For those who want to see why this is, quickly skip to the Powers section and the Characters. For a fair review, I go through each section, rating and reviewing them on their own merits. Some familiarity with the Savage Worlds system may be needed to understand certain parts of the text.

Overview

The book starts with a usable Table of Contents, giving page numbers for the contents as, with accompanying bookmarks allowing for rapid navigation. The book has no chapters, merely content.

Foreward

In many ways, this is where Dawn of Legends makes several pretentious promises it fails to live up to, including: “Dawn of Legends brings the best of comic books to life at your table.” “…what you hold in your hands is not only the first step in bringing a new era of four color action to Savage Worlds, it’s a new era in the Savage Worlds license.” Perhaps the most honest statement in the foreward is: “…I had my doubts that a super-powers system could meet my critical standards and that truly mimicked the four-color action of comic books…” The foreward also contains a run down of the books various contents.

Introduction to Neo Earth

The Introduction to Neo Earth is actually pretty solid.

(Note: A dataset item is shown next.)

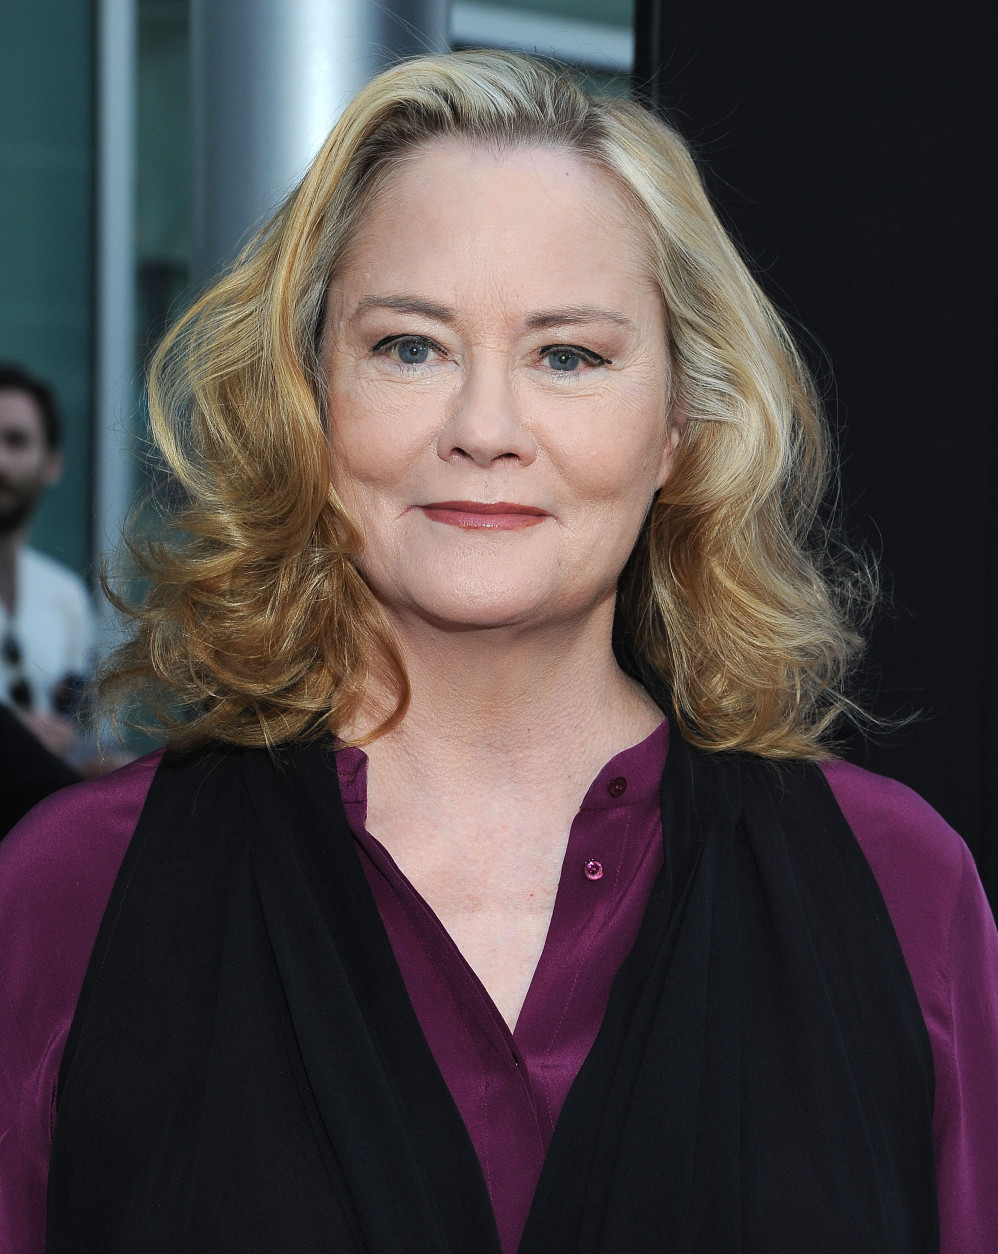 HOLLYWOOD, CA - MARCH 16:  Actress Cybill Shepherd attends the Premiere of Pure Flix's "Do You Believe?" at ArcLight Hollywood on March 16, 2015 in Hollywood, California.  (Photo by Angela Weiss/Getty Images)

The basic setting feels much like a combination of Aberrant and Champions: a well thought out world, where super heroes have had an actual impact upon science and society. Superhuman power classifications are pretty slick, and some of the setting ideas (no kid sidekicks- that’s child labor!) are pretty interesting.

The Importance of Backstory

Starting off by recommending a book on philosophy and superheroes, rather than reading comic books, the importance of back story seems to veer off the mark from the start. There is an inclusion of twenty questions, which while some may be insightful for some characters, many are less than helpful. The included life path chart is less than inspired: several of the paths are repetitive and few of them actually generate a character with a useful background. In other words, a lot of emphasis on good backgrounds with no real tools to provide them.

Making A Hero

A basic rundown of character creation starts here. Some of the flaws in layout really come out here. We are given the motivations section here, after the background generator, with no real way of linking it to the backstory section. Setting rule hindrances allow for a very frontloaded character, with 4 minor and 2 major allowed. This means that your starting hero can take the power advancement twice right off the bat (110 points for powers- important later) and still have enough points for two edges or attribute advancements, though you may have a bag of troubles. We’re also introduced to two new traits for Savage Worlds- Mental Resistance and Spiritual Resolve. These are basically Toughness for Smarts and Spirit, an interesting idea with a lackluster resolution (see later text on Powers). The first real section is a list of edges, and there are a lot of them. Some of them, like the leadership style edges, are overpowered. Some of them, like the battle cape edge, are a wonderful addition to superhero campaigns. Some include things that are better described as powers, like a lack of organs and immortality. There are plenty of hindrances as well, some representing non-human traits. Between these, you can manage to build a plethora of robots and alien entities. After this, we come back to setting rules (put after the edges, rather than collecting them in one place). We find out our characters have six bennies with a huge list of new benny uses- not too bad. There is also a list of combat rules and options. Charging is by far the worst, turning every travel power into a potential combat power as long as your character is tough enough to survive taking half damage, while the rules for throwing people and objects appears to be more advanced and complete then Necessary Evil’s normal throwing rules.

Popularity

Popularity adds in an interesting system, whereby public favor and its advantages provides real in game effects. This system is an okay measure of how popularity can effect a teams public appearance and wealth, though it may be more paperwork than needed, requiring a checklist of maintenance after every game. Additionally, negative public perception is a little too harsh, even giving Bad Luck for no real reason. Teams like the X-Men or other unpopular teams are greatly penalized.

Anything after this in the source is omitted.